Scent and taste are intertwined for many denizens of our oceans. Sharks are notorious for their ability to detect the faintest trace of blood in the currents from far away. Elquan life will smell things much the same way, expressed by abilities like tracking by tasting trace elements in the sea currents.

What now comes into question is the ability to communicate through sound. Speech is an invaluable tool for the evolution of civilization, and without the ability to convey even basic need or emotion most animals would be helpless. Roars to frighten off encroaching challengers, whinnies to panic other herd animals, mating calls to facilitate reproduction are all facts of life dependent on the ability to not only produce sound, but to also hear it. This is where the lung/gill hybrid will help, by acting as a resonance chamber.
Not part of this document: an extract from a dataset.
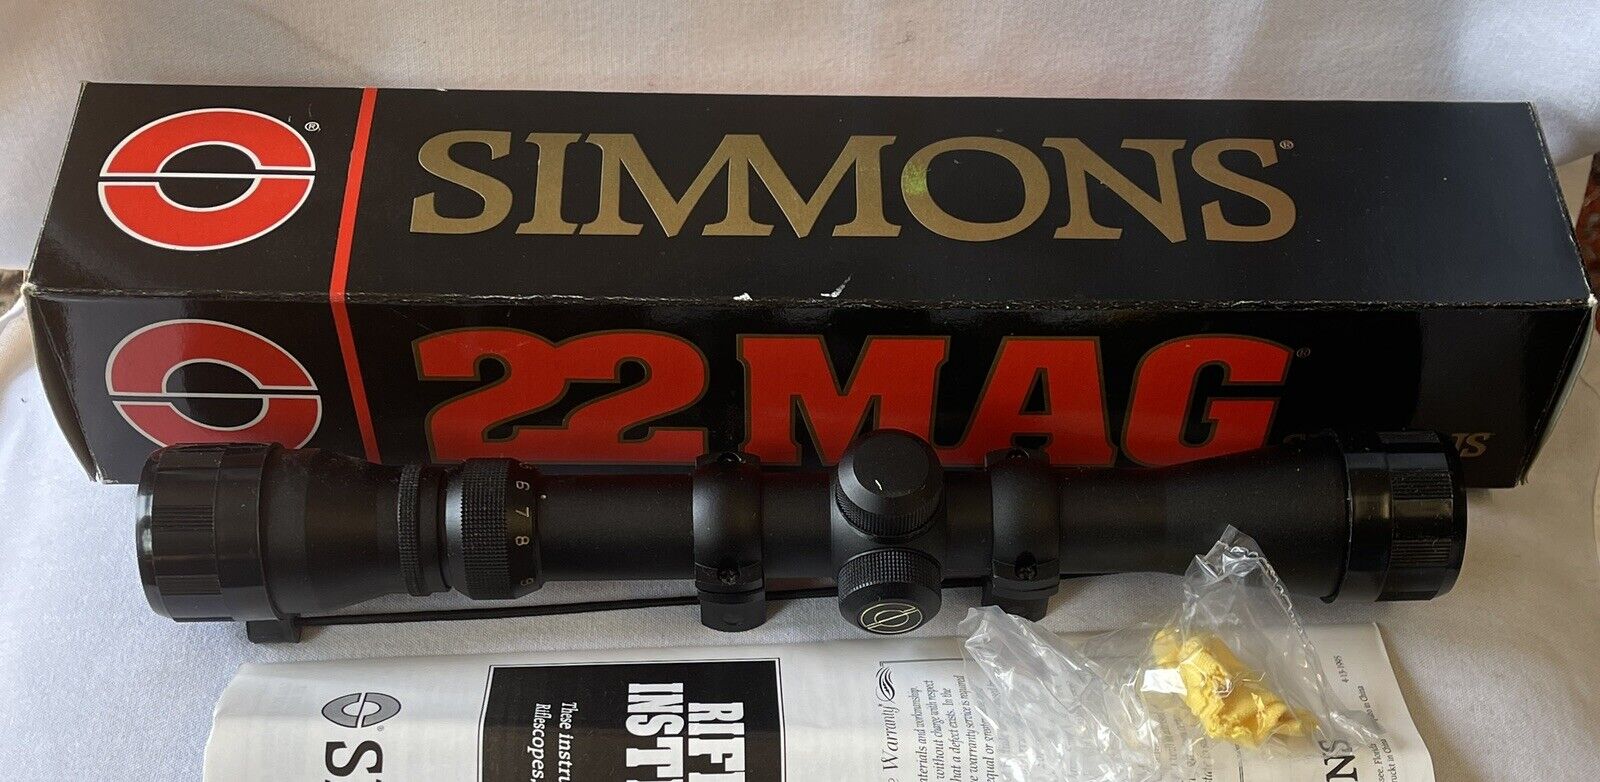 Simmons 3-9x32mm .22 Waterproof Fogproof Matte Black Riflescope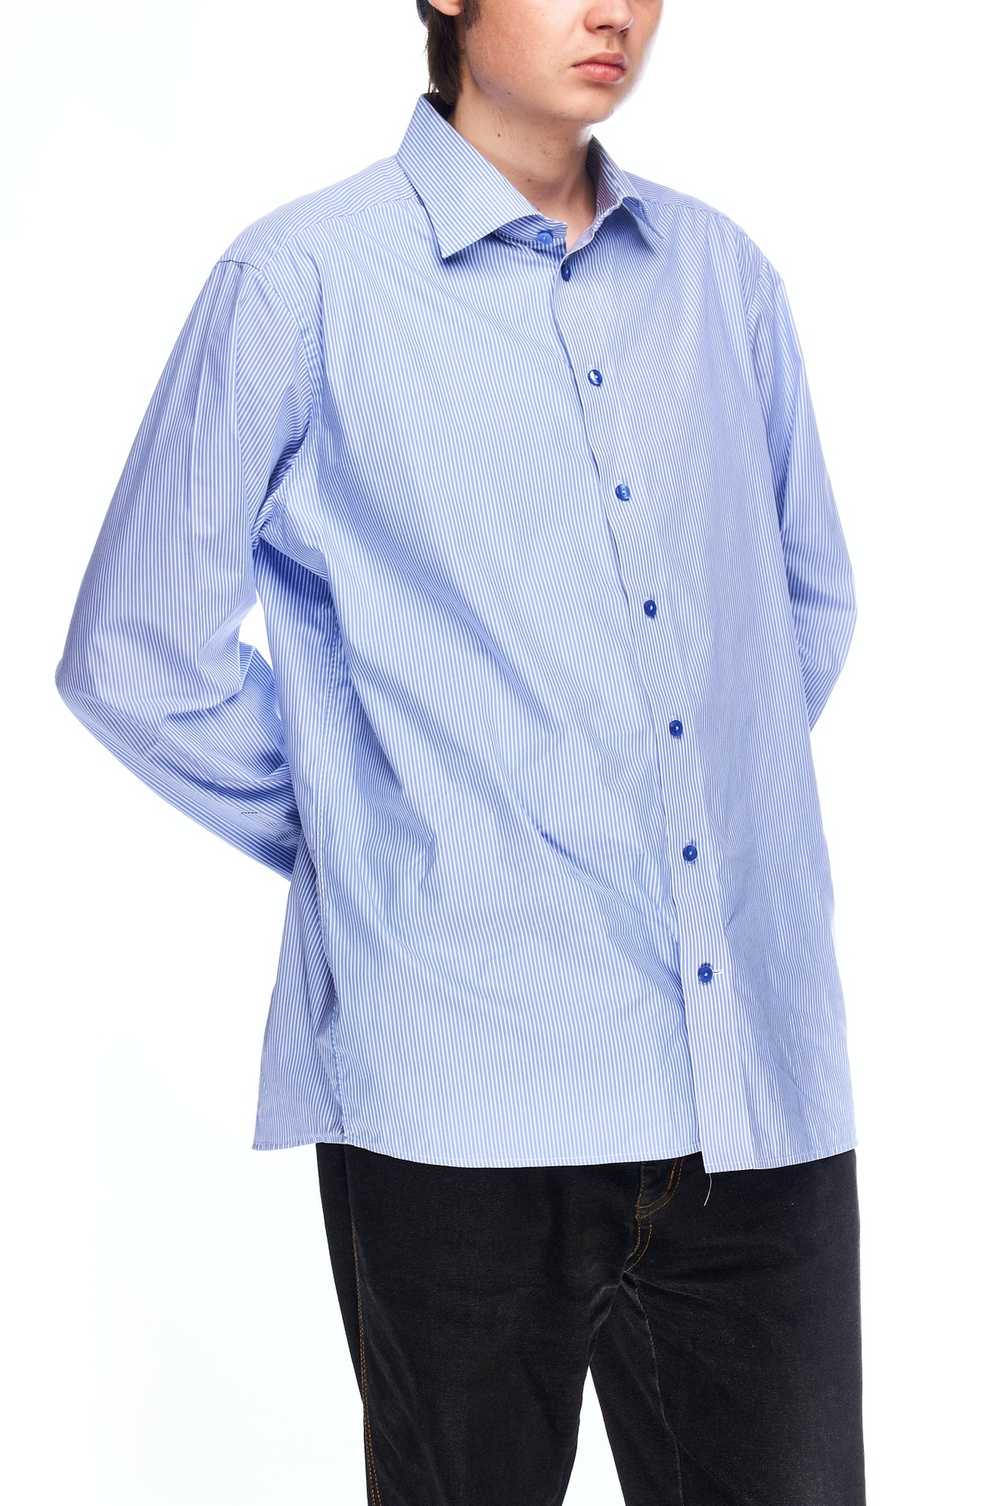 Eton Eton Striped Shirt Size 44/17 - image 2

Much like the hollow body of a guitar, sound enters a resonance chamber and bounces off the internal structures, amplifying the intensity (volume) of the sound. With a stronger intensity, sound waves can be propagated through the water’s natural quality to impede motion. Humans do much the same thing when singing “from the diaphragm” – their chest cavity acts like a resonance chamber, aiding in the projection of sound. Despite the fact that the air is being pushed out the mouth (or out the rib cage in the case of Elquan natives), the sound is still intensified by the reverberation back into the body. The vocal chords of humanoid Elquan life will remain in the larynx, but speech will posses a slight triphonic aspect – much like a surround system’s left, right, and center speakers -- as sound will escape not just the mouth but the gill slits on either side as well. Some intelligent species, such as the Orcans, will be able to take advantage of this to a great degree, giving them echolocative abilities and a unique mode of speech.

With this in mind, the image of aquatic humanoids begins to solidify perceptually. The removal of the nose serves as a visual distinction in the look of the Endless Blue setting that will hopefully add a level of alien-ness without losing the sense of empathy from the players. The position of the gills gives a reason to realistically leave the sides of the body relatively bare, playing well into the artistic interpretation that aquatic life would tend towards being scantily clad. Still identifiably human but sufficiently distanced by biological evolution, life on Elqua begins to take on a shape that will allow players to explore this new blue world.